-- Exercise description --
Carry none of the pictures over; write out the complete data exactly.

-- Given data --

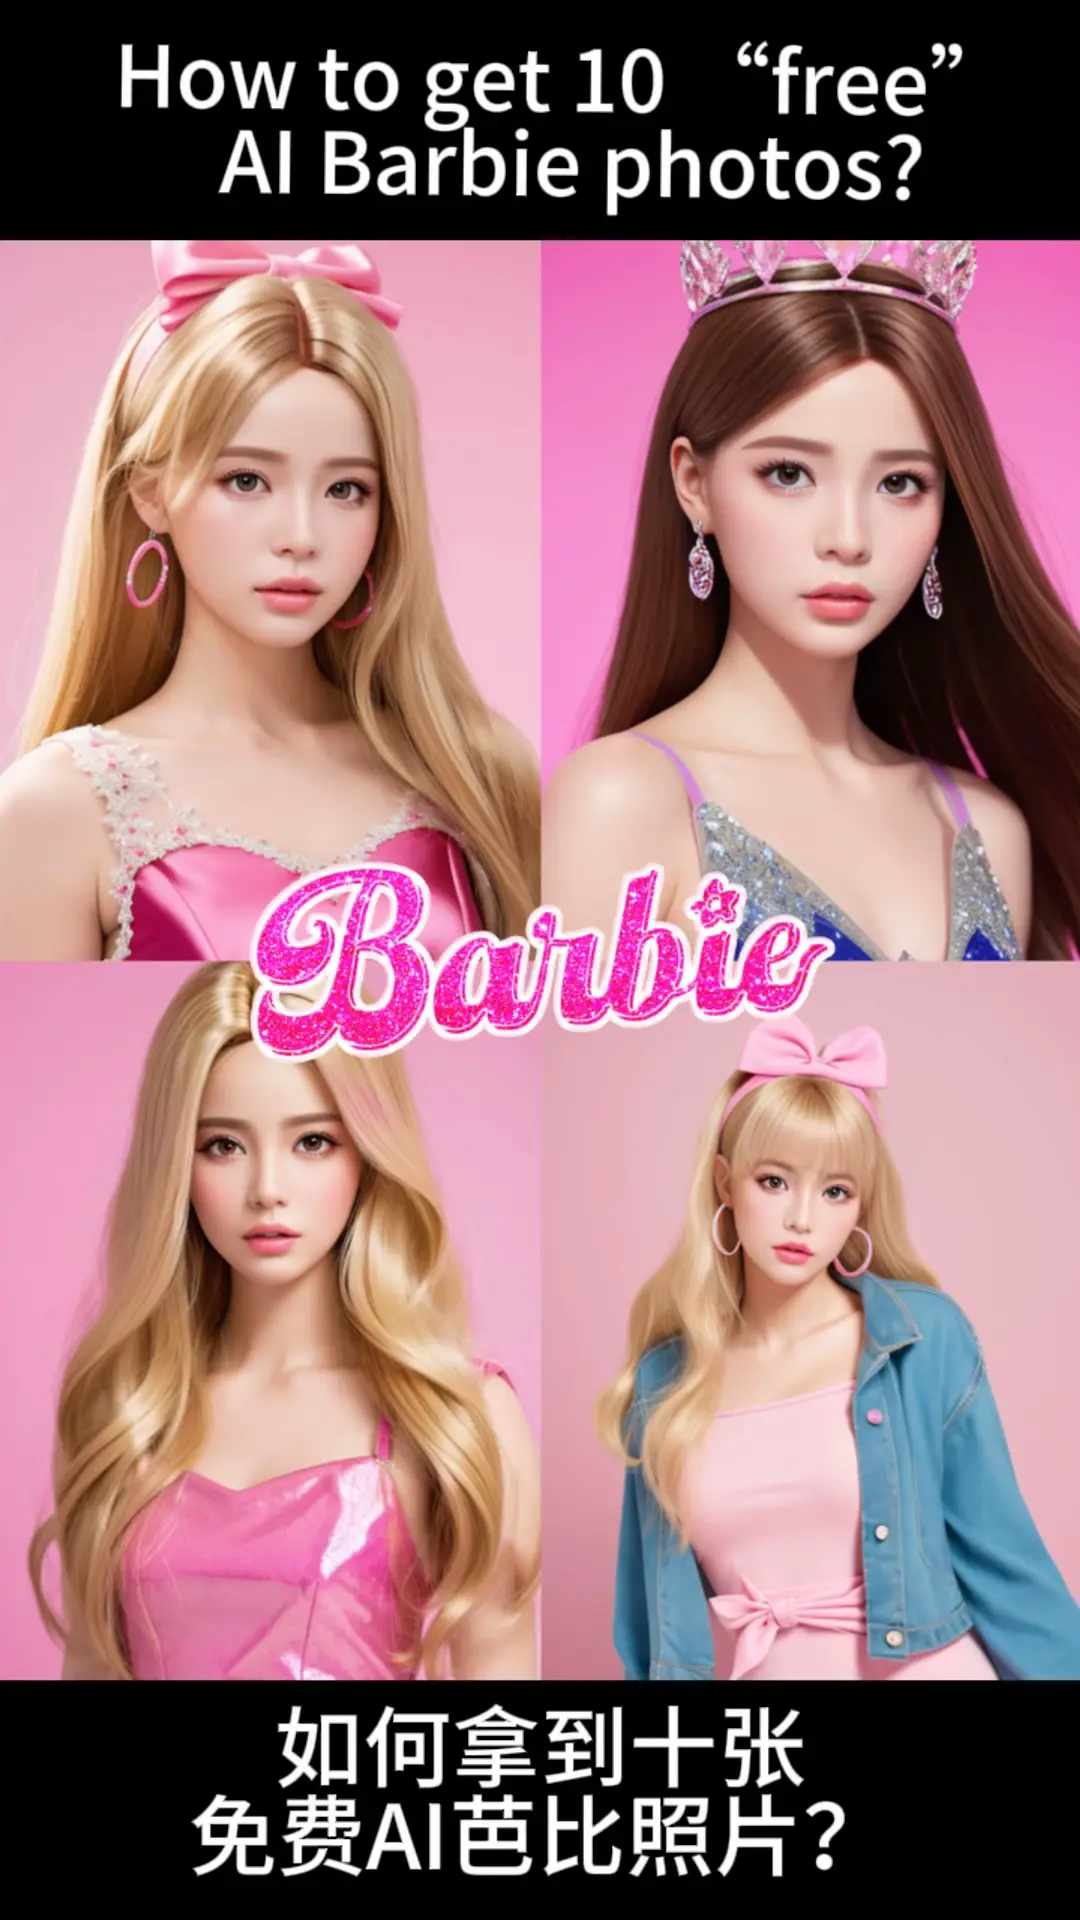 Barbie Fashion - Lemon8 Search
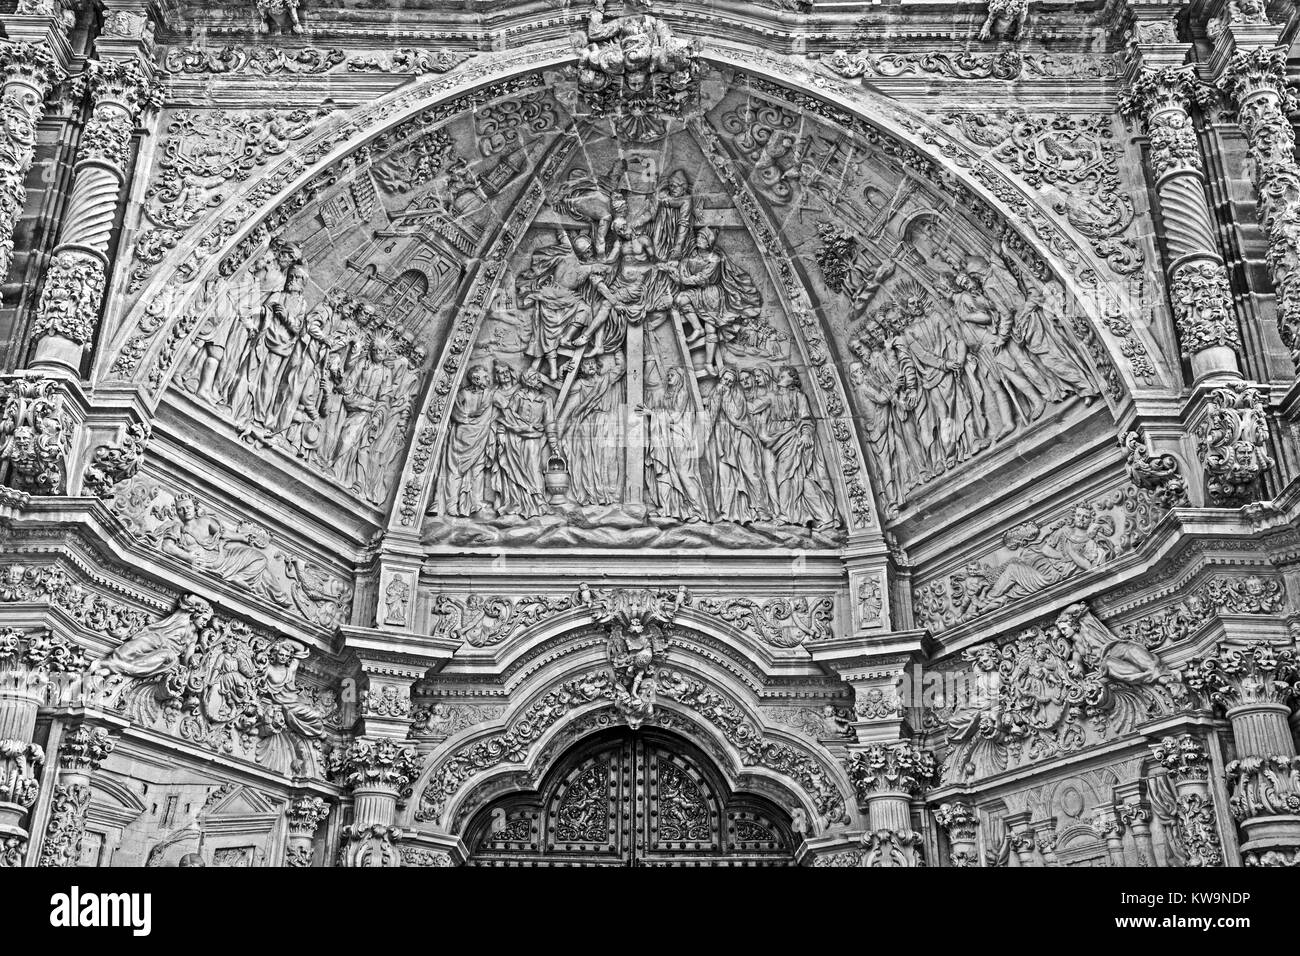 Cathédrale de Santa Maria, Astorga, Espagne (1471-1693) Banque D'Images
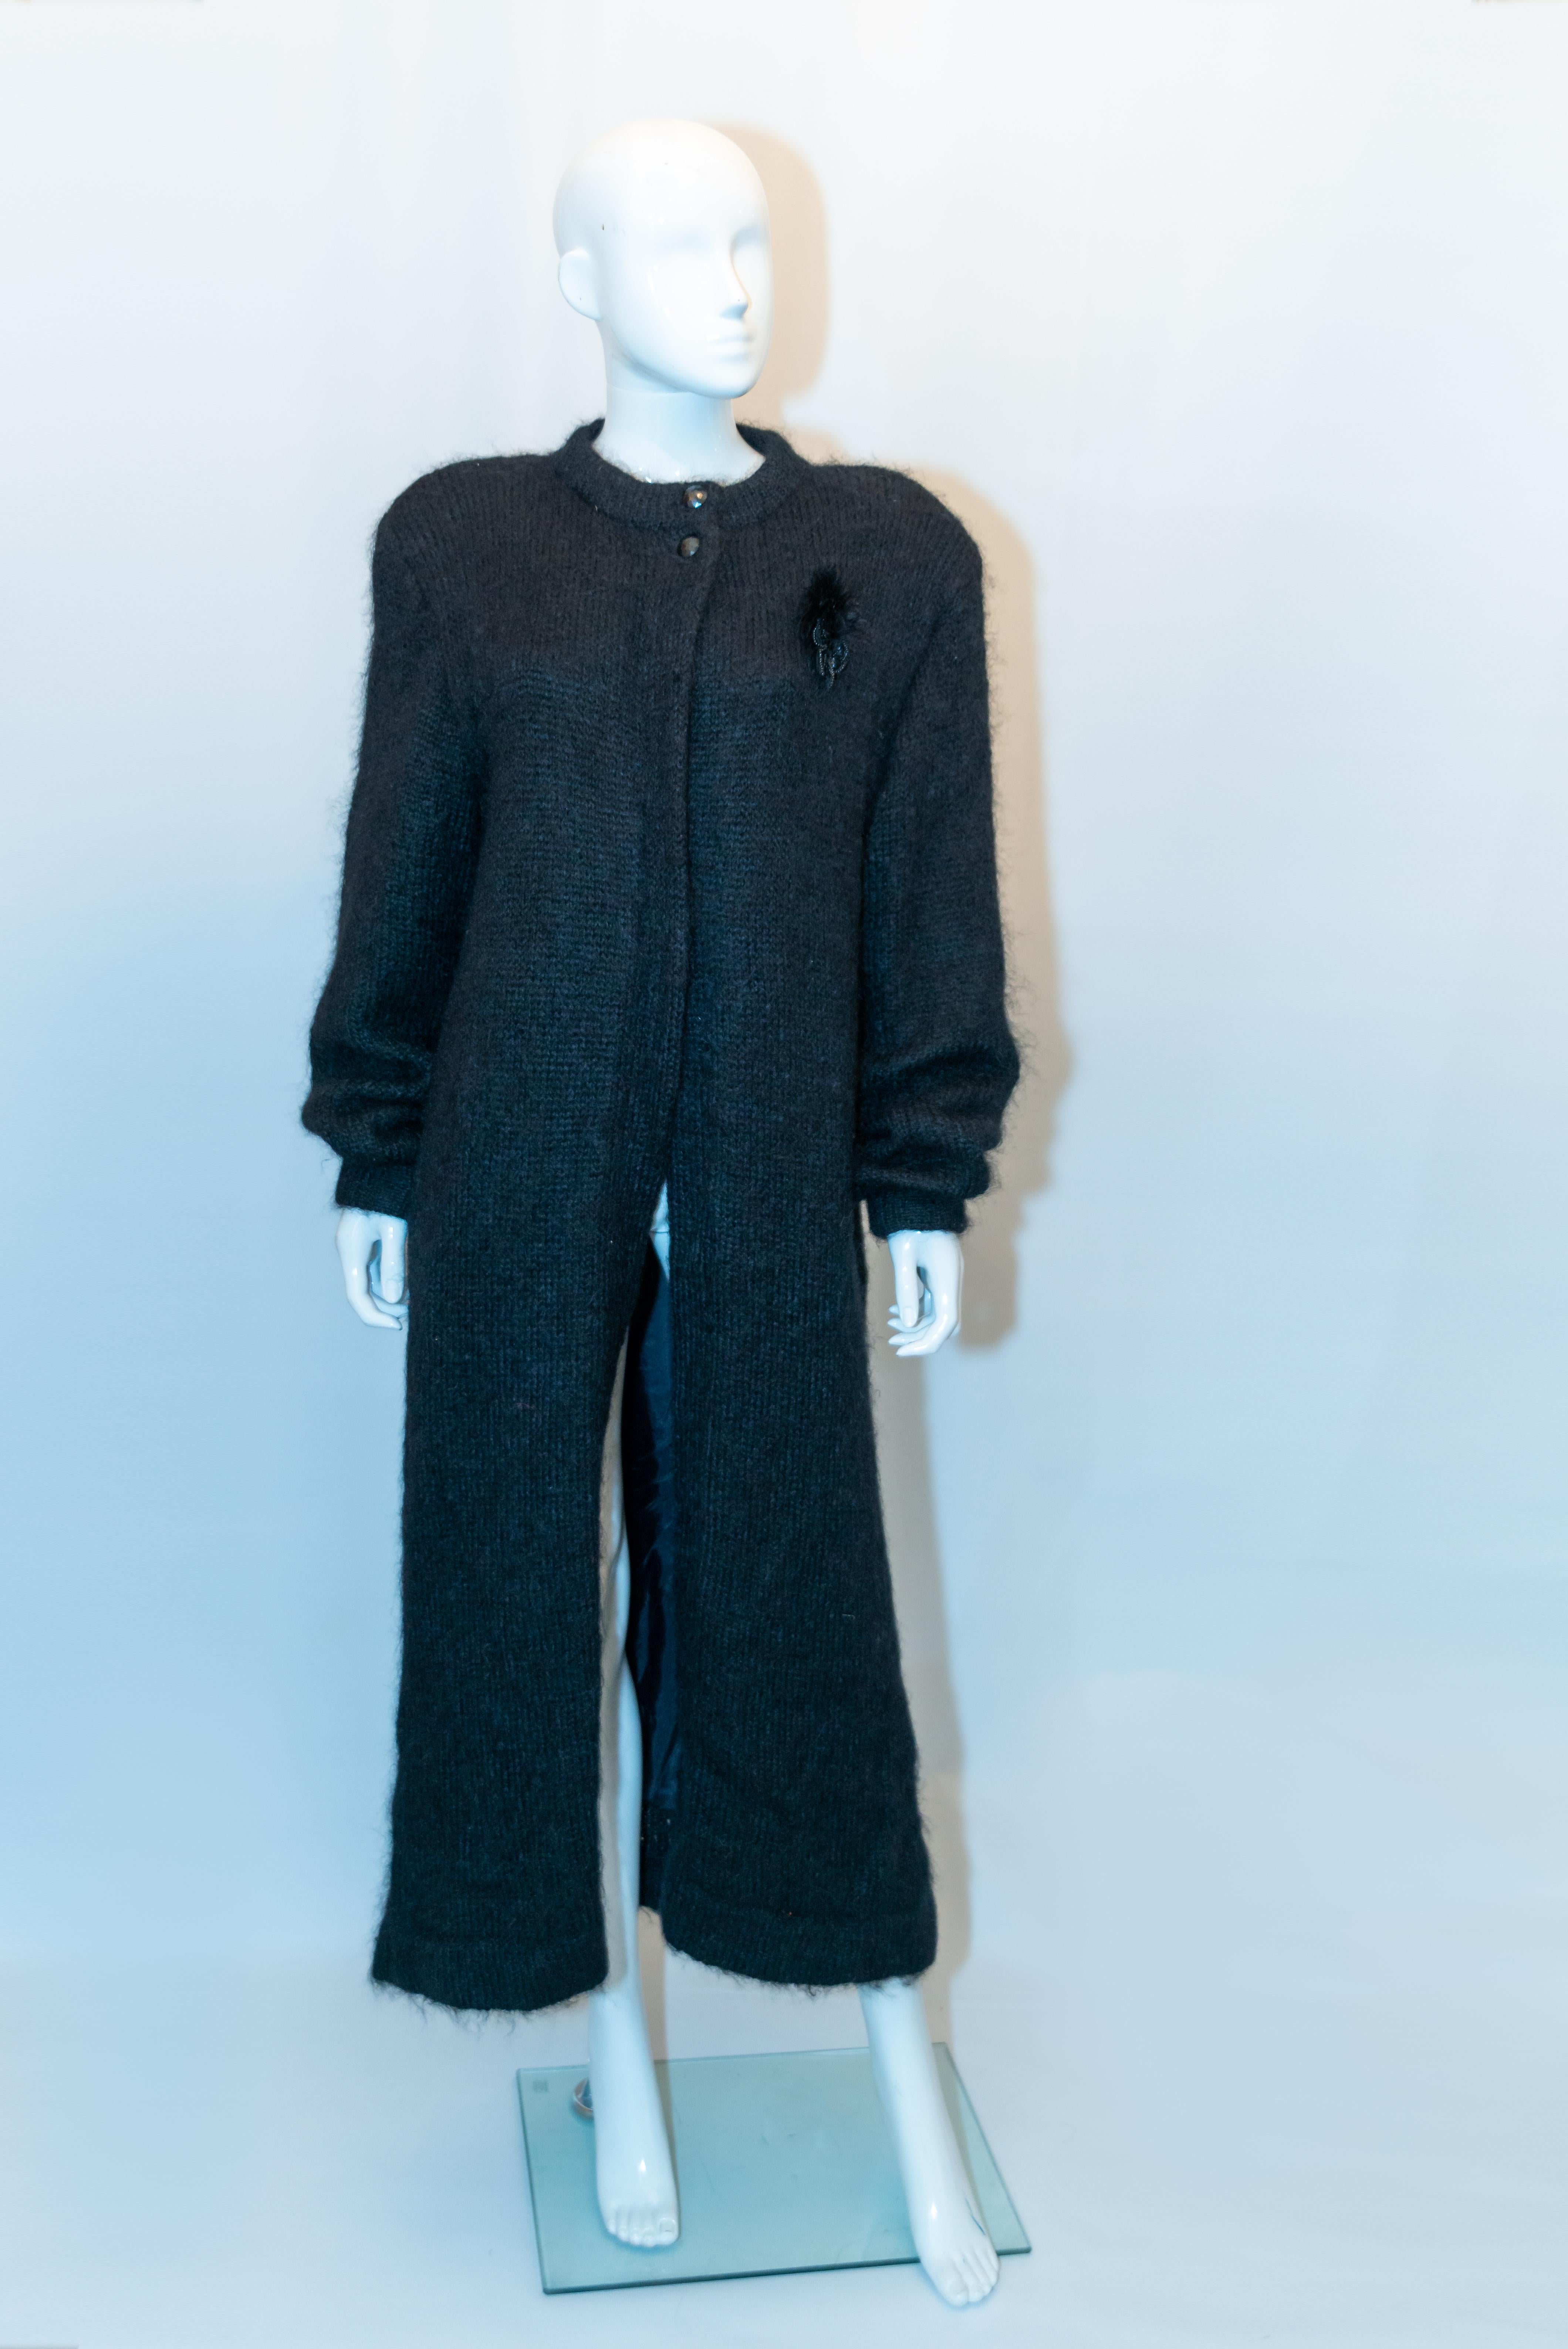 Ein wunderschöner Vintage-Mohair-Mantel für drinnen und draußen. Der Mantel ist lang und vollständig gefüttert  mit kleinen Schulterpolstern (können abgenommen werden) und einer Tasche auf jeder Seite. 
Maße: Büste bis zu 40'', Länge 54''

-- Solution --
 Barbie Fashion - Lemon8 Search
 Cathédrale de Santa Maria, Astorga, Espagne (1471-1693) Banque D'Images
 Ein wunderschöner Vintage-Mohair-Mantel für drinnen und draußen. Der Mantel ist lang und vollständig gefüttert  mit kleinen Schulterpolstern (können abgenommen werden) und einer Tasche auf jeder Seite. 
Maße: Büste bis zu 40'', Länge 54''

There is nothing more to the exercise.